John Wayne Gacy’s Victim #5 Finally Identified

After decades of being known only as an unfortunate soul who died at the hands of a serial killer clown, John Wayne Gacy’s “Victim #5” has now been identified.

Forty-four years later, closure was finally found for the family who’d assumed their son had disappeared on purpose — they never considered that he could have been dead this whole time.

The Cook County Sheriff’s Office finally identified the remains of the nameless victim as Francis Wayne Alexander on Monday. After a collaboration with the DNA Doe Project (an organization dedicated to identifying remains using genetic genealogy), they were able to compare the remains to a genetic profile that led them to believe it was Alexander.

The Sheriff’s office discovered that his mother was still alive, so they reached out to her for a DNA sample. She happily obliged, along with one of Alexander’s half-brother’s which both returned a supremely positive match.

The family issued a statement, even though the news is surprisingly jarring given that they were in the dark about Alexander’s whereabouts.

“It is hard, even 45 years later, to know the fate of our beloved Wayne. He was killed at the hands of a vile and evil man. Our hearts are heavy, and our sympathies go out to the other victims’ families. Our only comfort is knowing this killer no longer breathes the same air as we do. We can now lay to rest what happened and move forward by honoring Wayne.”

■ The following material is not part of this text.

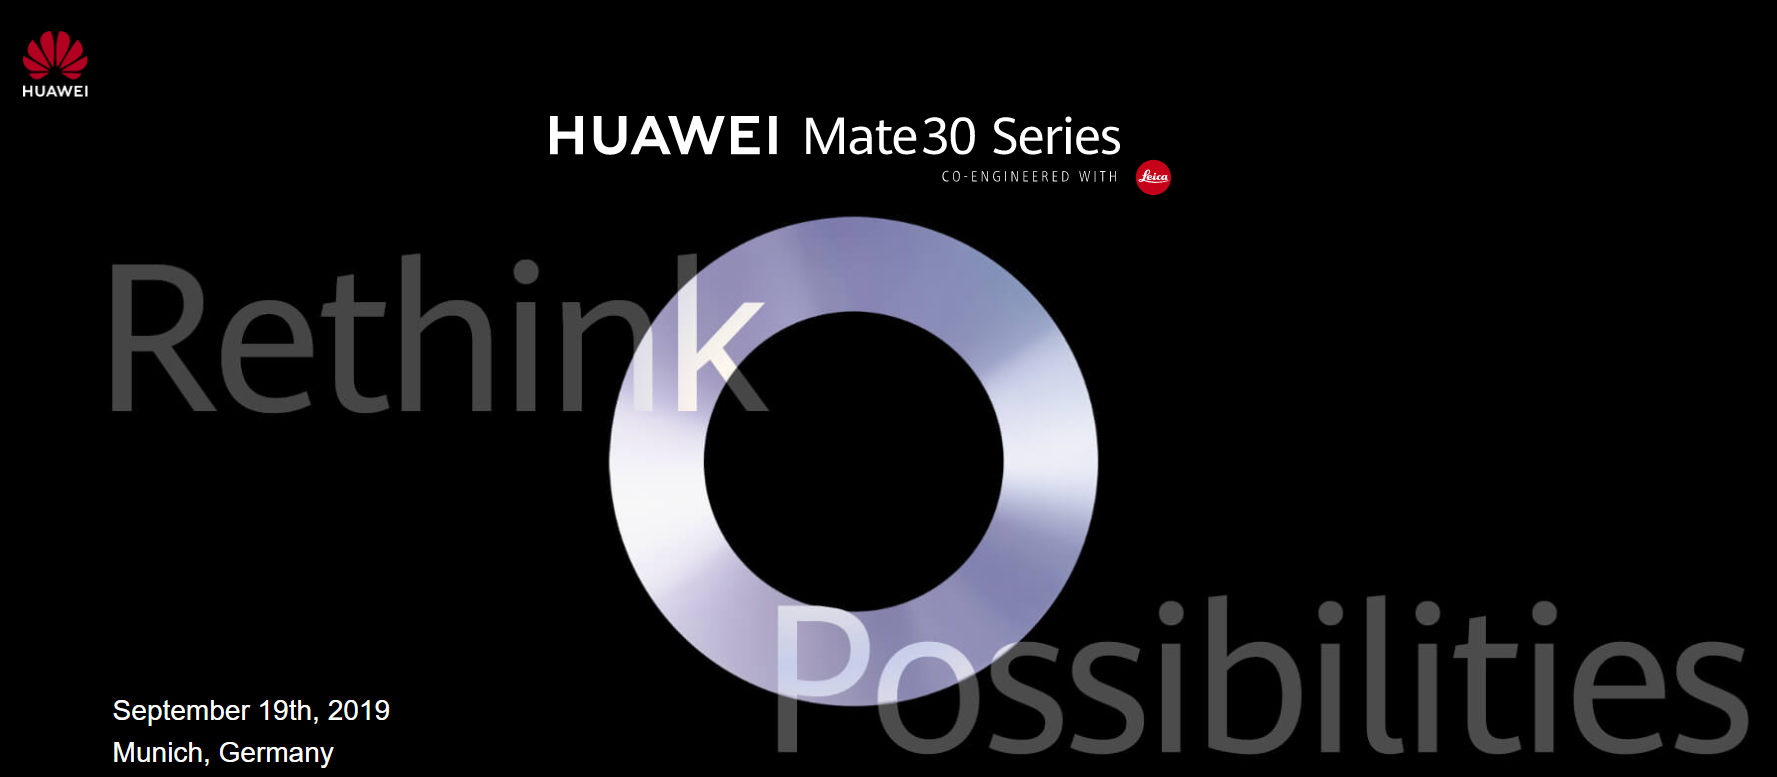 【快訊報報】華為 HUAWEI Mate30 系列新機 將在 9/19 德國慕尼黑發表 - 5g - 科技狗 3C DOG

They’d never gone looking for Alexander, nor did they file a missing person report. Sheriff Tom Dart said that the family loved Alexander but told investigators that he “had made decisions in his life” that led them to believe that “he just wanted to be left alone.” So they let him be.

Alexander was one of John Wayne Gacy’s 33 victims. Authorities have narrowed down his time of death to some time in early 1976-1977.

The last “proof of life” was a traffic ticket on January 5, 1976. Alexander was found buried underneath another victim who is known to have died on March 15, 1977. Alexander would have been 21 or 22 at the time.

Gacy was arrested in December of 1978 for the murders and rapes of 33 men and boys in the Chicago area. He disposed of their bodies by hiding them in the crawl space underneath his house, among other places.

Gacy went to trial and was convicted in February 1980 after less than two hours of jury deliberations, becoming one of the most prolific serial killers in American history. He was executed by lethal injection on May 10, 1994.

Since the reopening of the case in 2011, three more Gacy victims were identified (including Alexander), and five more have yet to be named.

Sheriff Dart is not giving up.

“We have five remaining victims. We are going to continue pressing ahead with that, we’re going to utilize all these different tools that we have utilized on this.”